TPC Patterns Usage Guide¶
This guide explains how to use the TPC patterns and utilities provided in benchbox.core.tpc_patterns for running TPC-H and TPC-DS benchmarks with proper stream execution, parameter management, and result aggregation.
Overview¶
The tpc_patterns module provides common test execution patterns and utilities that are shared between TPC-H and TPC-DS implementations. It follows TPC specification requirements for:
Stream independence and isolation: Each stream runs independently with its own parameters
Proper query parameter generation: Deterministic parameter generation with seeds
Concurrent execution management: Thread-safe concurrent query execution
Result aggregation and validation: Comprehensive result collection and validation
Core Components¶
1. StreamExecutor¶
Manages concurrent query stream execution with proper isolation.

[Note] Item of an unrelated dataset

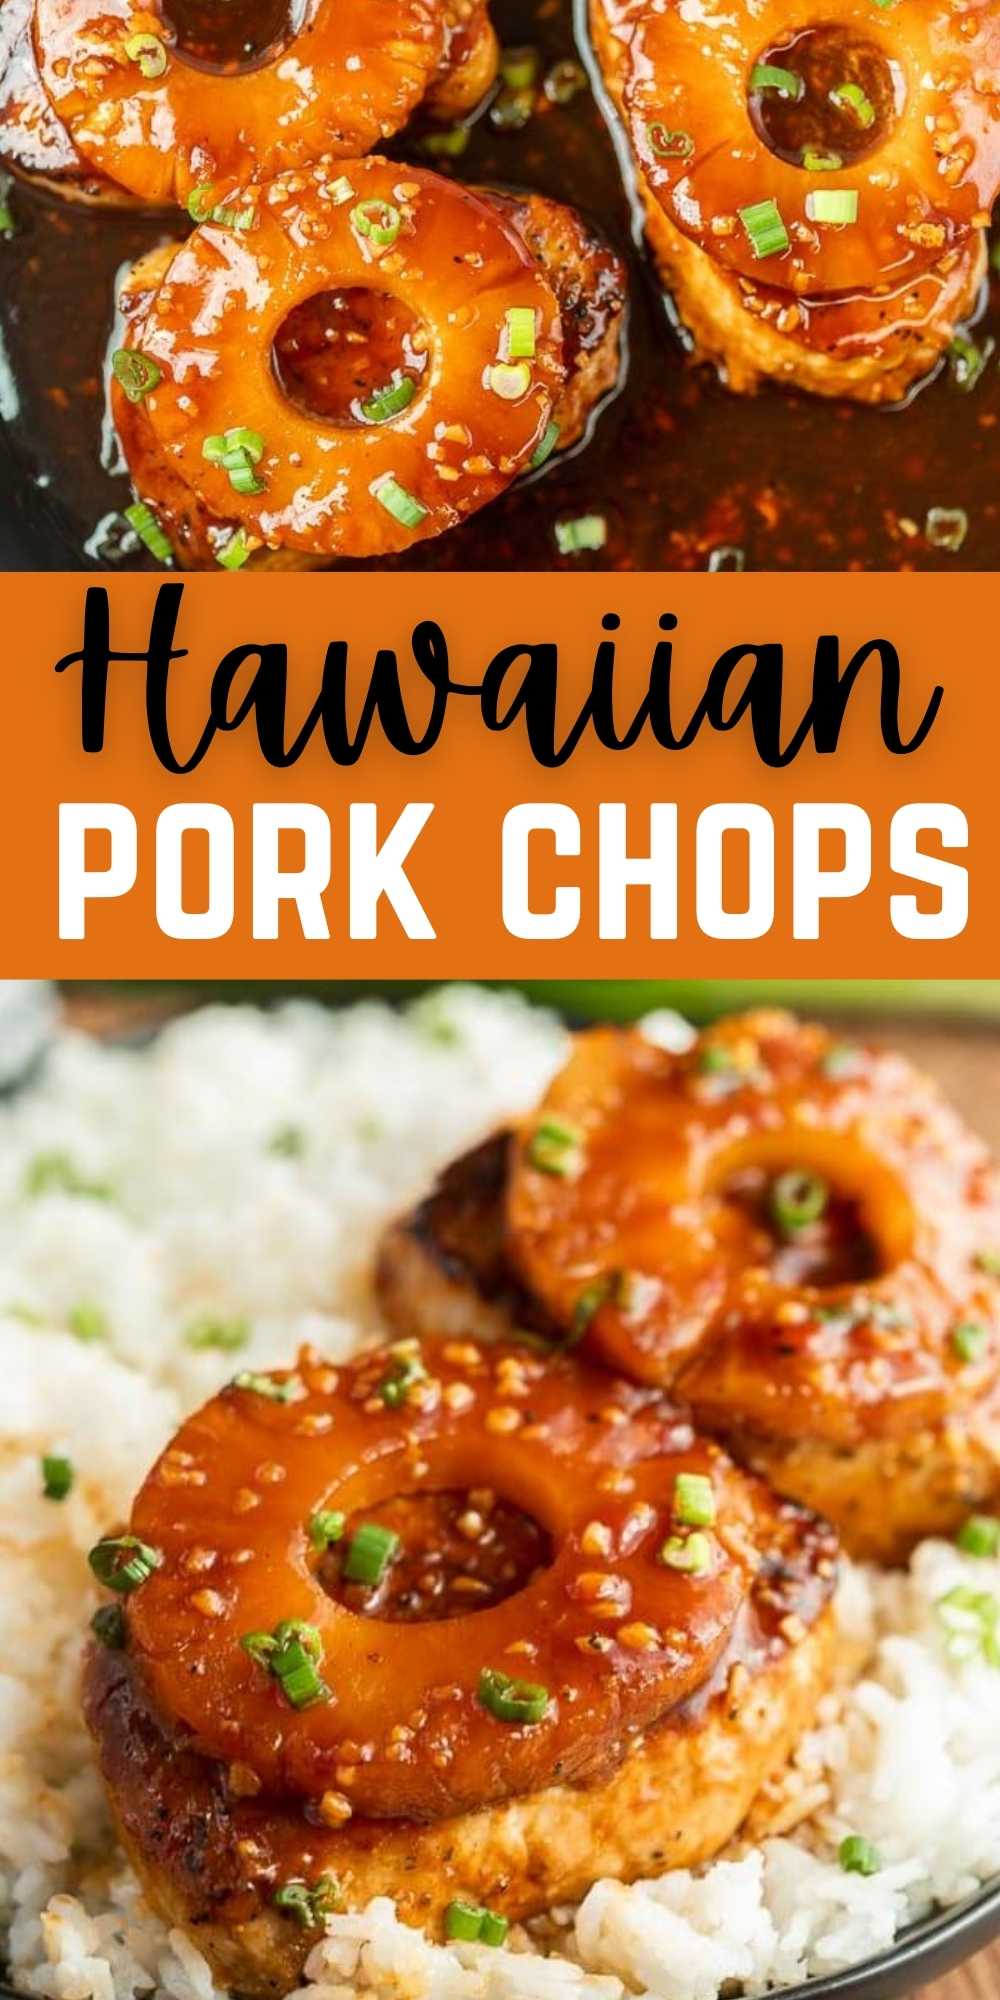 The sweet and tangy flavor of Hawaiian Pork Chops will be a hit. This skillet meal is simple to make and packed with flavor. This easy skillet recipe is simple to make and packed with tons of flavor too! #eatingonadime #porkrecipes #skilletrecipes #hawaiianrecipes

from benchbox.core.tpc_patterns import StreamExecutor, create_tpc_stream_configs
# Create connection factory
def connection_factory():
return create_database_connection()
# Create stream executor
executor = StreamExecutor(connection_factory, max_concurrent_streams=4)
# Create stream configurations
stream_configs = create_tpc_stream_configs(
num_streams=2,
query_ids=[1, 2, 3, 4, 5],
base_seed=42,
permutation_mode="tpc_standard"
)
# Execute streams
results = executor.execute_streams(stream_configs, query_executor)
2. QueryPermutator¶
Creates TPC-compliant query permutations for stream execution.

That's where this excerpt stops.